[AR] Re: fatigue life (was Re: Re: SpaceX F9 Launch/Update...)

  • From: Henry Vanderbilt <hvanderbilt@xxxxxxxxxxxxxx>
  • To: arocket@xxxxxxxxxxxxx
  • Date: Sun, 27 Dec 2015 22:20:04 -0700

On 12/27/2015 9:26 PM, Henry Spencer wrote:

On Sun, 27 Dec 2015, Henry Vanderbilt wrote:
Engines can to a considerable extent be life-tested on the ground.
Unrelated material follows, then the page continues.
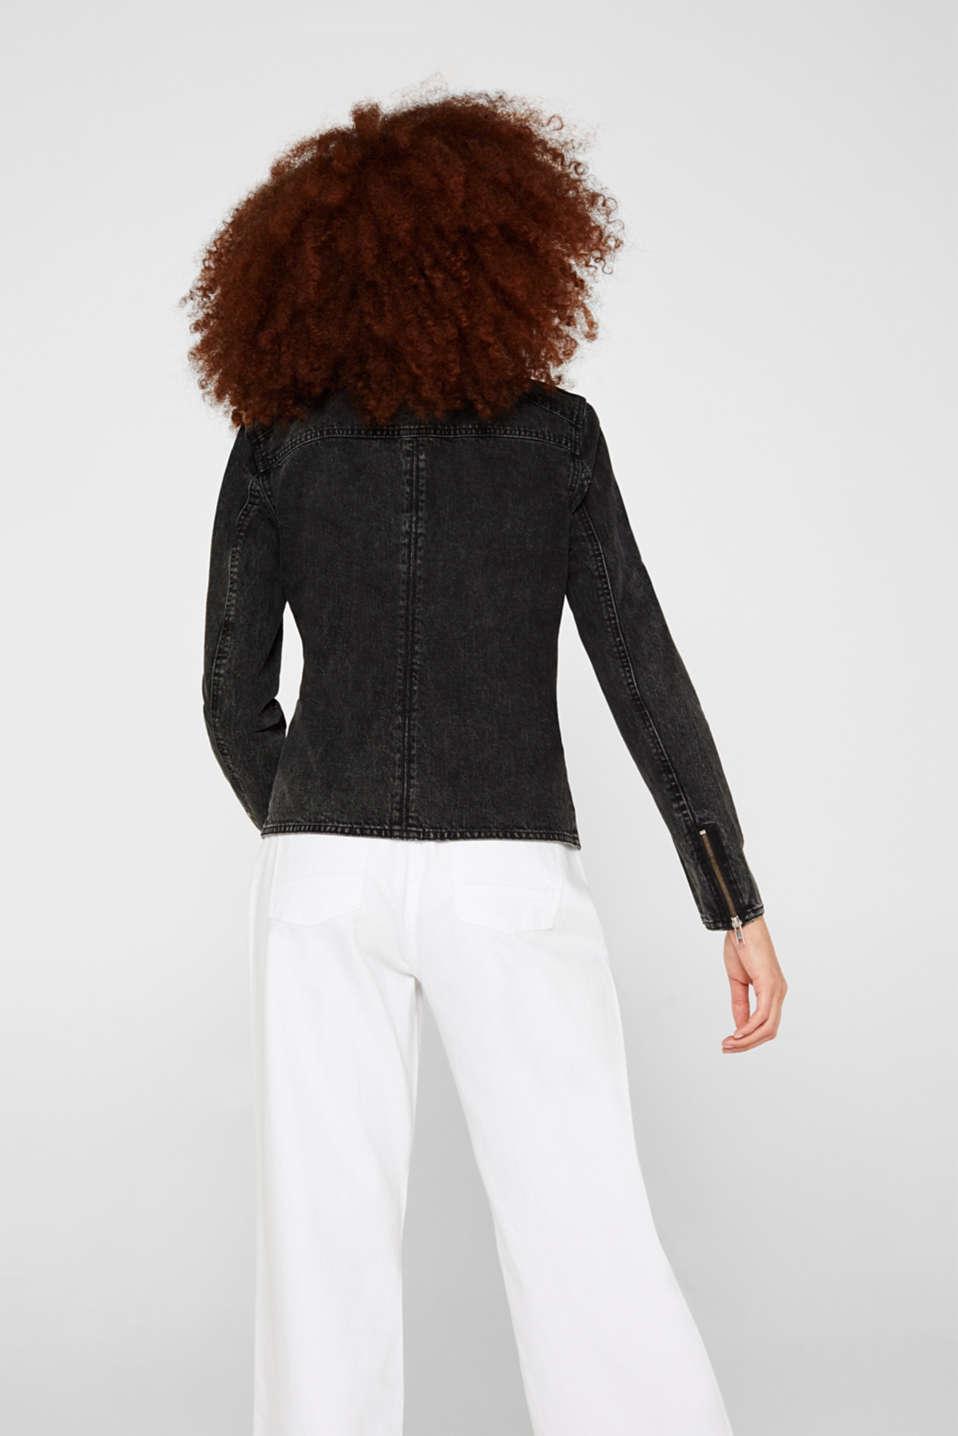 Jackets indoor denim, GREY DARK WASH, detail image number 3

A
much larger unknown (as Bill has pointed out) is the fatigue lifetime
of the structure and tankage... The tricky thing is, whether (and
where, and how well hidden) F9 first stage might (or might not) have
its equivalent of the old Comet airliner's square-cornered windows - a
place where fatal fatigue builds up under flight cycles much faster
than expected.

That can also be tested on the ground, to some extent, if you understand
the flight loads halfway well: dedicate a fatigue-test airframe to
sitting in a hangar being flexed by hydraulic jacks, so that it builds
up cycles much faster than the flight vehicles. When that was done for
the Comet -- it wasn't a routine part of aircraft development then --
the window-corner fatigue failure was successfully duplicated.

Replicating some aspects of the rocket flight environment (notably the
vibration) admittedly might be difficult.

There are also pressure-cycles on the tankage and plumbing, as well as thermal cycles on the variously cryo-cooled and aero-heated portions of the structure. And aero and acoustic loads at points where those are significant. And vibrations, which as you point out, can be hard to simulate - engine vibrations especially, on sheer power and bandwidth requirements, but aero also - going supersonic is not a gentle process.

It might actually be easier, cheaper, and more effective to come up with a boilerplate upper-stage mass&aerodynamics simulator, then instrument the hell out of a first stage and fly it repeatedly till things start breaking.

Probably out of Texas, so this doesn't get in the way of Cape operations.